■ About this task ■
Entries below include pictures. Output exactly the lines from the one with "Set of tow Anglo-Indian" down to the one with "Vintage Anglo-Indian", both ends included, and leave the pictures out.

■ Dataset content ■
++++++
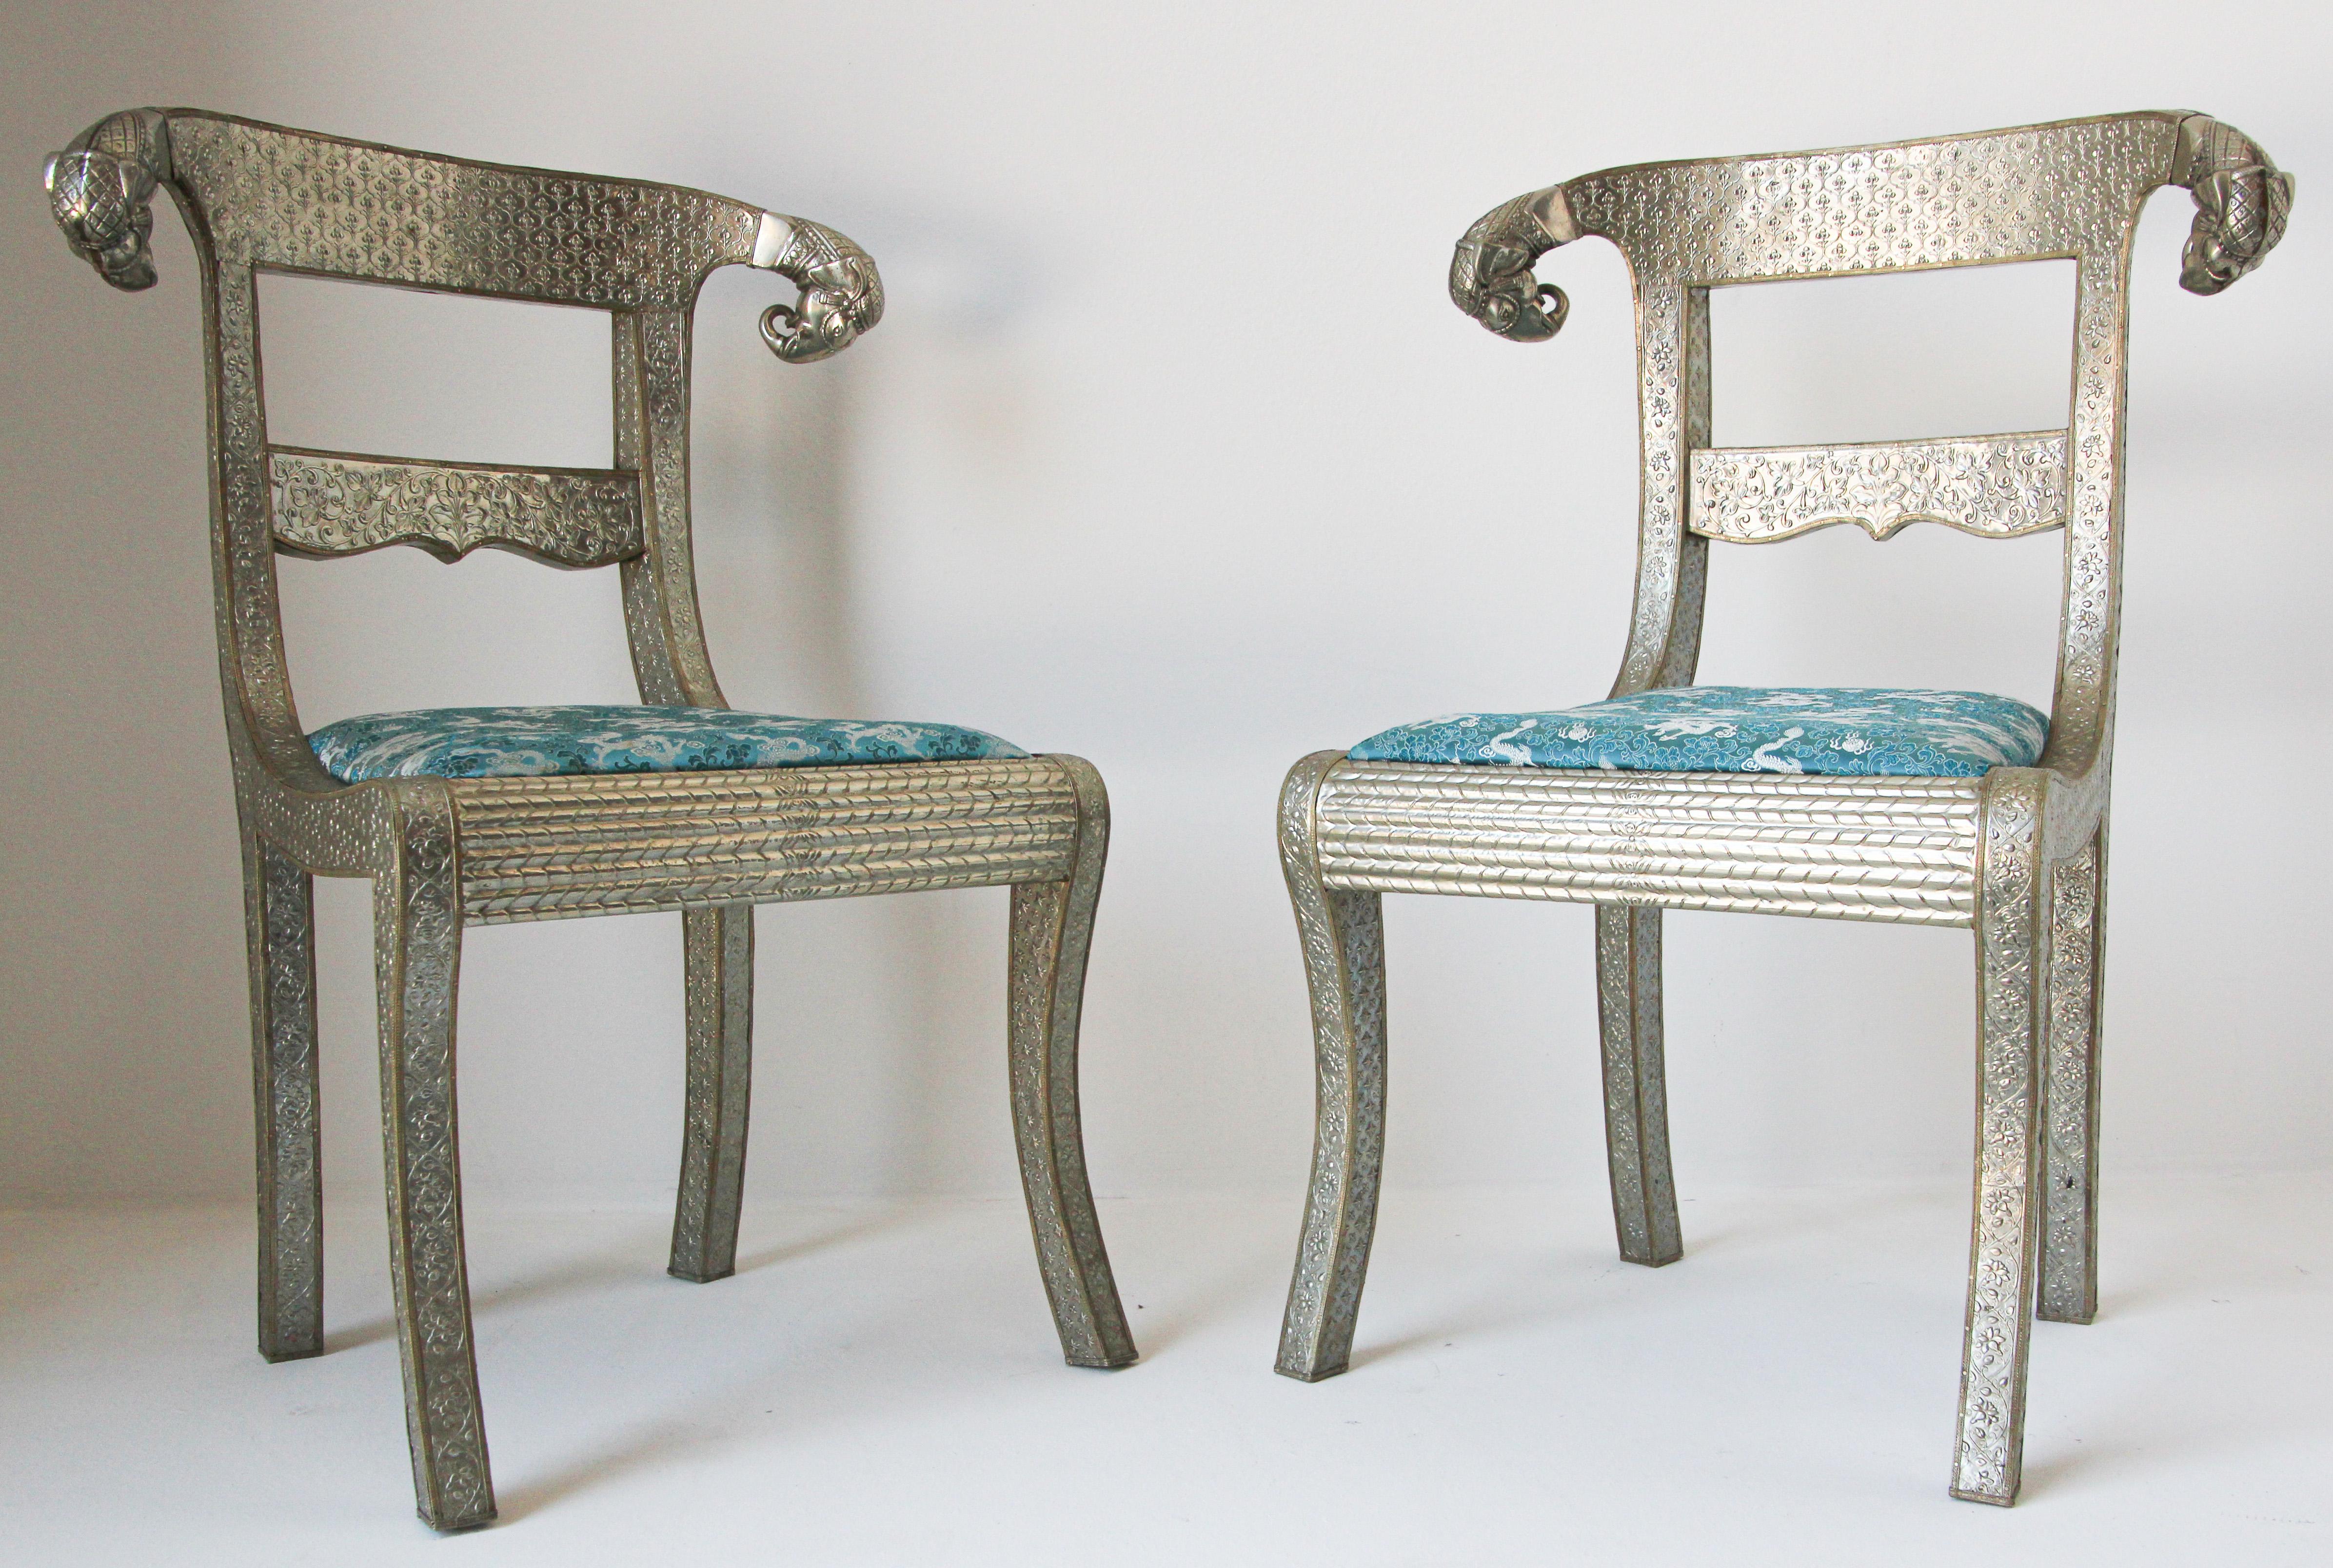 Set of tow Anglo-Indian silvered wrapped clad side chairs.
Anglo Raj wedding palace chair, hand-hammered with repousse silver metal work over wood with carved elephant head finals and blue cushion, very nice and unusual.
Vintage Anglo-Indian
++++++
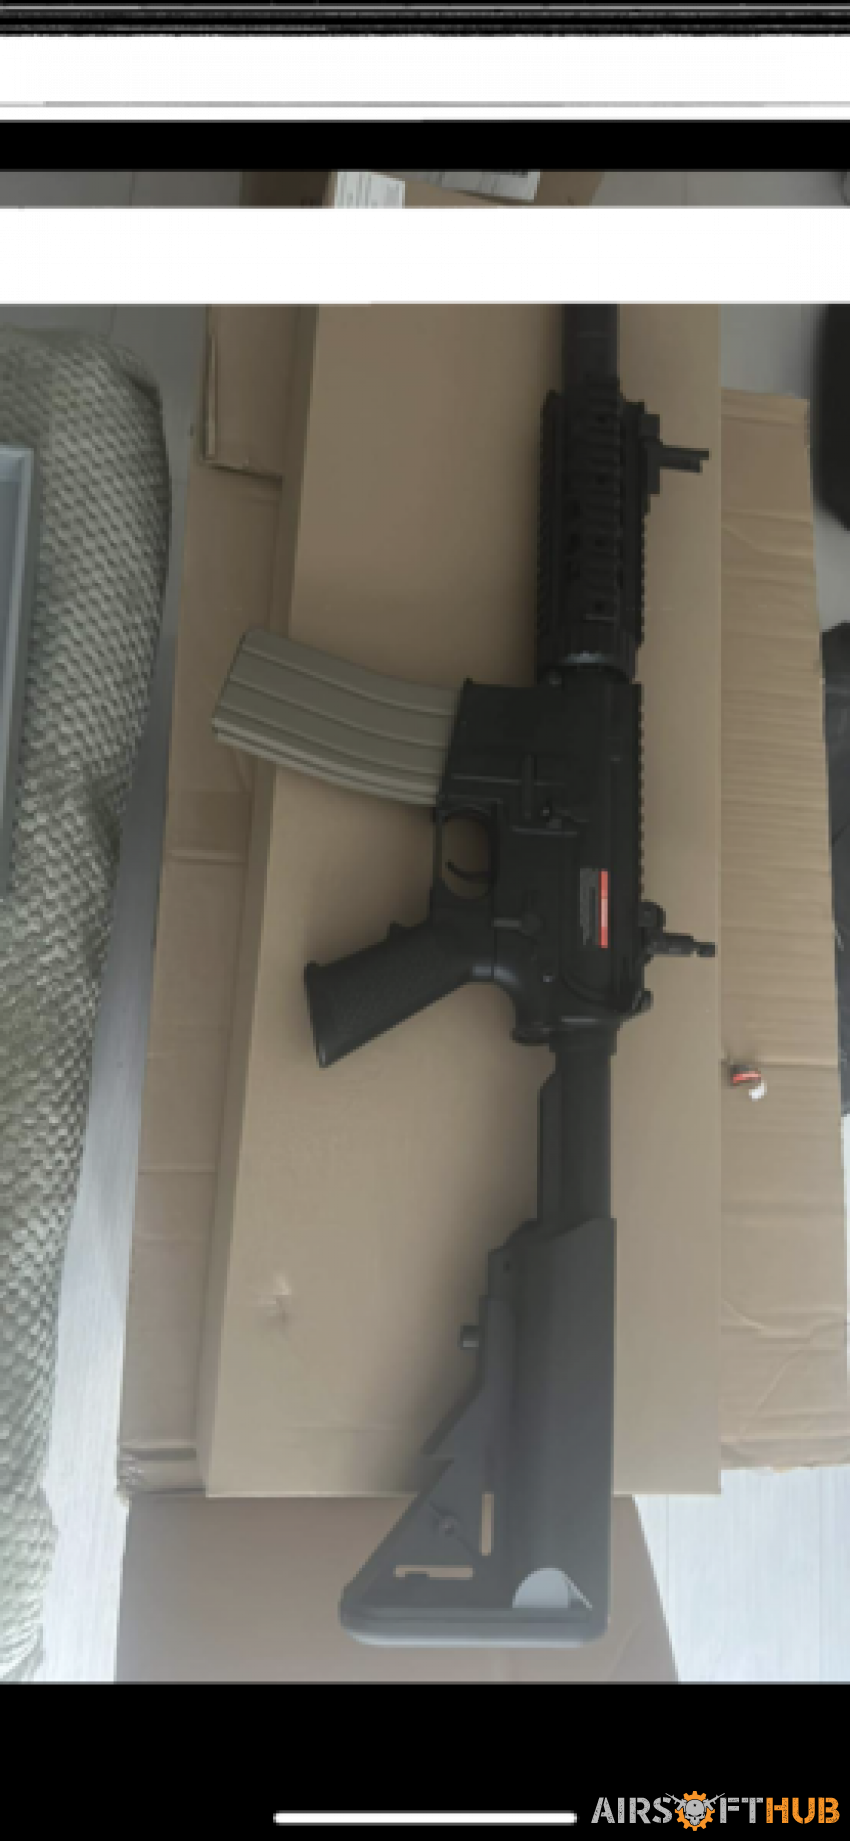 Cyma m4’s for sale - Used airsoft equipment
++++++
■ Problem solution ■
 Set of tow Anglo-Indian silvered wrapped clad side chairs.
Anglo Raj wedding palace chair, hand-hammered with repousse silver metal work over wood with carved elephant head finals and blue cushion, very nice and unusual.
Vintage Anglo-Indian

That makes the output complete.